The Corporate Transparency Act (CTA) is back and will take effect on Jan. 13, 2025.
On Dec. 3, a federal judge from the Eastern District of Texas (Sherman Division) issued a preliminary nationwide injunction, preventing Treasury’s Financial Crimes Enforcement Network (FinCEN) from enforcing the CTA and its implementing regulations. On Dec. 23, the 5th U.S. Circuit Court of Appeals lifted that earlier order. Following that decision, FinCEN announced it will delay enforcement until Jan. 13, 2025. The original deadline was Jan. 1, 2025.
Background on CTA
By Jan. 13, millions of small businesses, including farms, have to report their beneficial ownership and tax ID numbers to the U.S. Treasury Department. The IRS has nothing to do with this. These reports must be filed electronically with the department’s FinCEN. The goal is to help catch crooks who use shell companies for money laundering and other financial crimes.
For this new obligation you can thank the CTA, a law passed in 2021 with bipartisan support, by more than 200 House Democrats and 100 Republicans.
Not all farms must report; sole proprietorships and general partnerships are exempt. The law applies to farms organized as corporations, LLCs, or other entities on file with a secretary of state.
Entities formed this year already had to report to FinCEN, but the Jan. 13 deadline applies to older ones. Penalties for not filing are fines of up to $10,000 and two years in federal prison.
Reporting Process
For some farms, reporting could be relatively simple. According to a Platinum Filings white paper, the law contains three main categories of required information:
- Details on the reporting company or entity — Its full legal name, all trade names, its address, the state where it was formed, and its taxpayer identification number or employer identification number.
- Beneficial owner information — Each owner’s full legal name, date of birth, residential address, and the number on a current form of ID such as a driver’s license or passport. (To simplify this, owners can get a personalized ID number from FinCEN.)
- For entities formed after Jan. 1, 2024, information about the person who filed paperwork to establish the company or LLC.
Iowa State University’s Center for Agricultural Law and Taxation offers this example of the simplest situation:
“In 2020, George and Marge formed GM, LLC, an entity to manage their farmland. They each own 50% of the LLC. George and Marge are the only officers of the entity, which has no employees.
“George and Marge are both beneficial owners of GM, LLC. By Jan. 13, 2025, the LLC must file an online beneficial ownership information report with FinCEN, reporting the required information for the company, George and Marge.”
Platinum Filings estimates that if a small business has all of its needed documents at hand, the business owner could go to the FinCEN website and complete the form in under one hour.
For larger farms, feedlots, and other agricultural businesses, these reports are more complicated.

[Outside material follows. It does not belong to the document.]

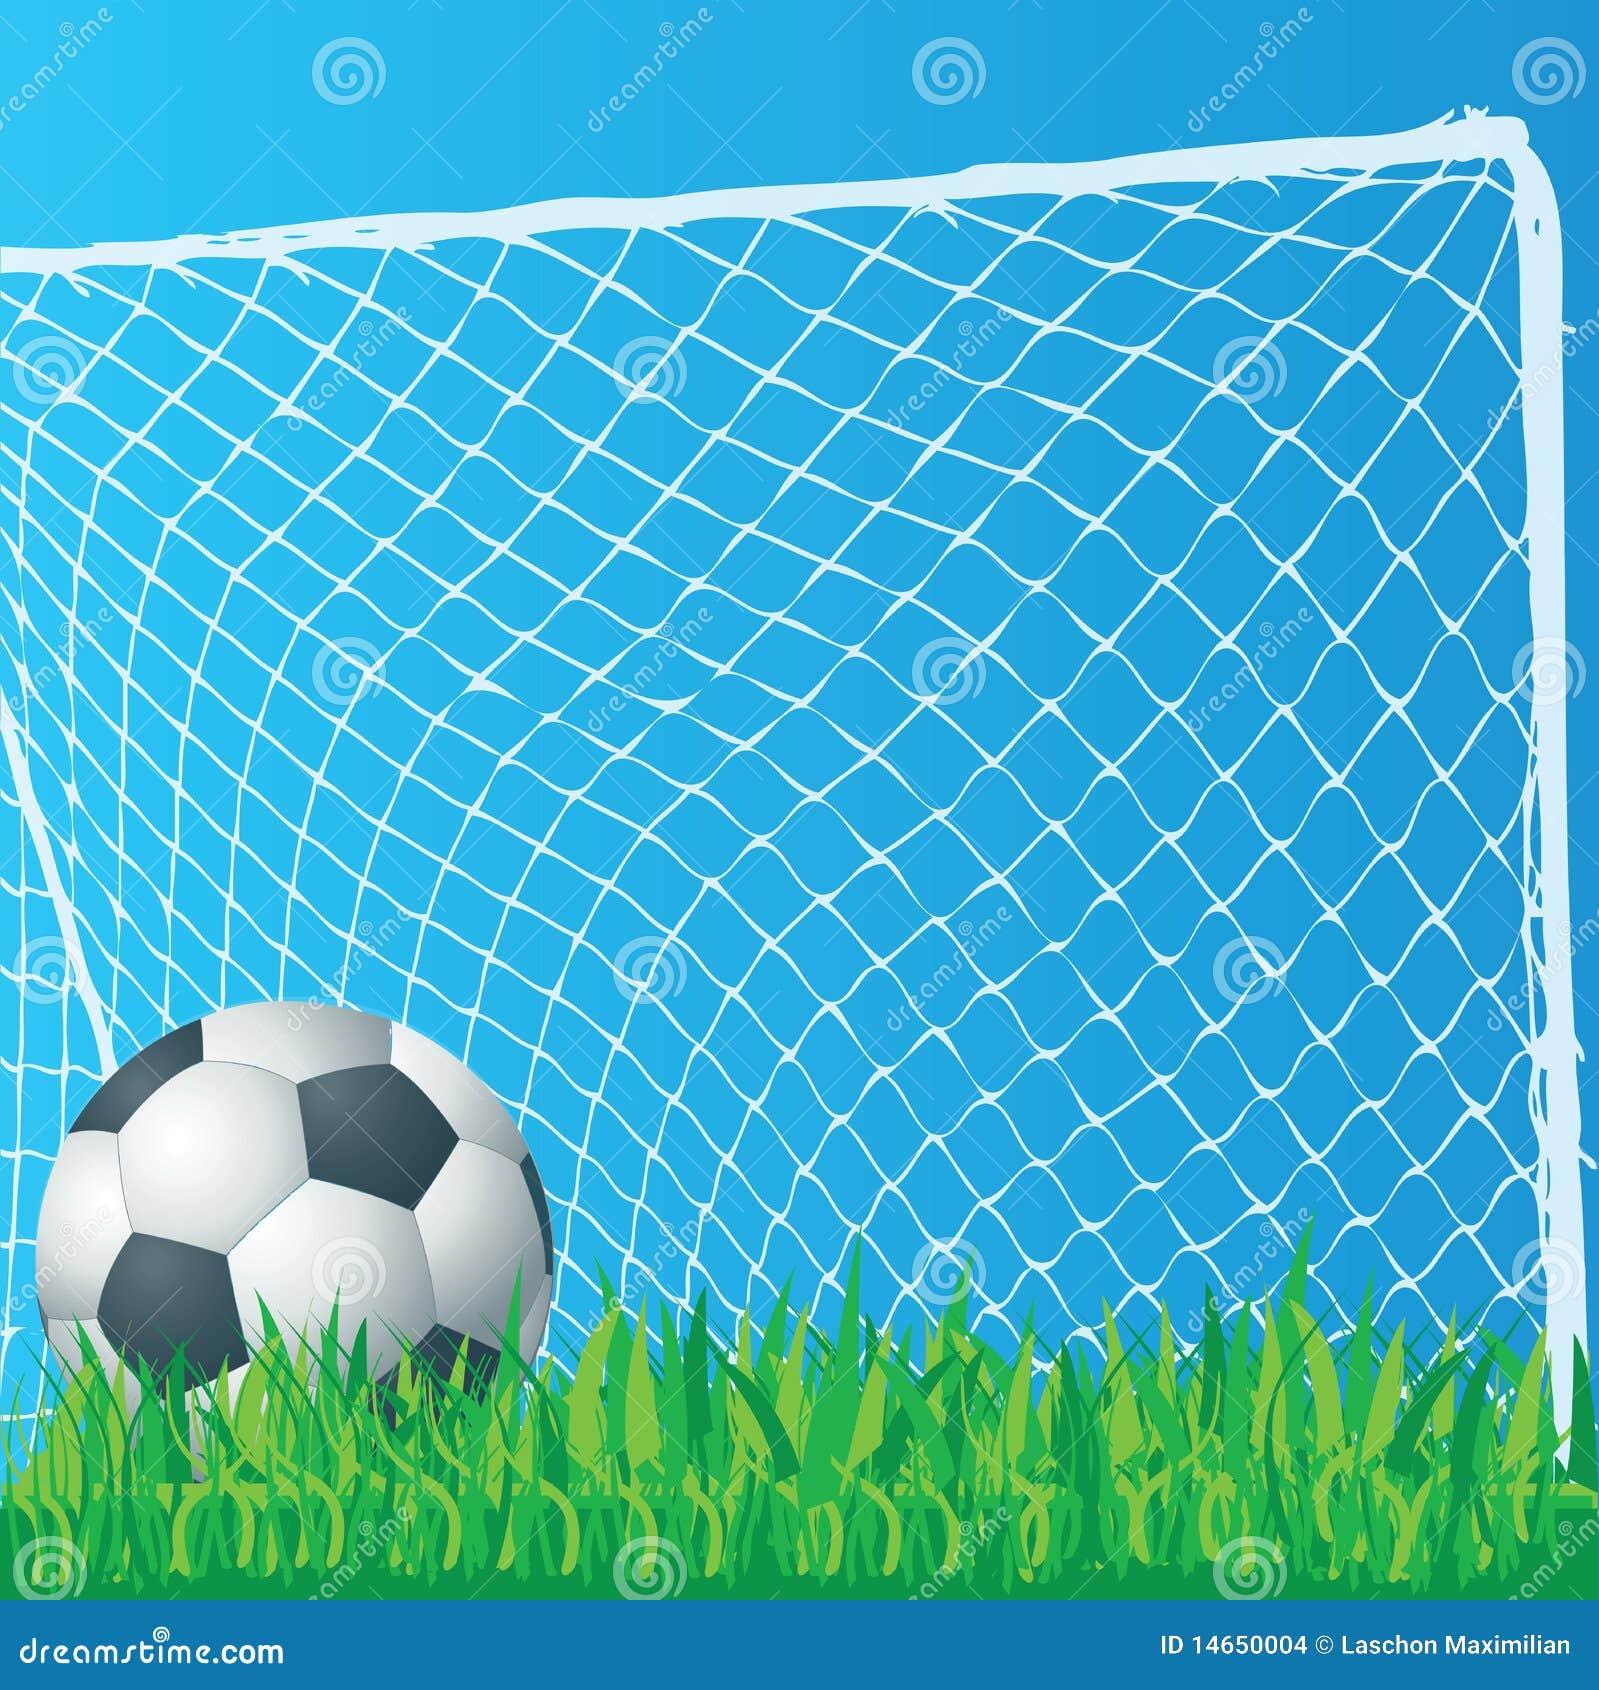 Soccer Score Clipart

Determining “beneficial owners” can be tricky. FinCEN defines that as anyone who owns or controls at least 25% of the entity; with stock, equity, or voting rights, for example. But that can be less than 25% for anyone with “substantial control” such as senior officers and important decision-makers. There are no limits on the potential number of beneficial owners.
For such fine points, getting help from your accountant, attorney, or a third-party service makes sense.
When to Update
FinCEN doesn’t require annual reports but does require a new filing any time there’s a change in your business organization.
“The real pitfall is the need for updates,” said Steven Friedman, president and CEO of Platinum Filings. According to the Platinum Filings white paper:
“There are many possibilities for the kinds of big and small changes that could trigger the need to file an updated or corrected report: a residential move, a sale/merger/acquisition/dissolution, someone changing their name, a new assumed name for the business in any state it might operate in, a new passport for a beneficial owner, executive management turnover, etc. In any of these cases,” the paper asserts, “the correct information needs to be captured and stored — and a whole new report with all relevant detail needs to be filed for each entity that those beneficial owners touch. It’s not possible to change just one piece of information.”
What to Do Next?
For advice, start with your tax preparer and attorney.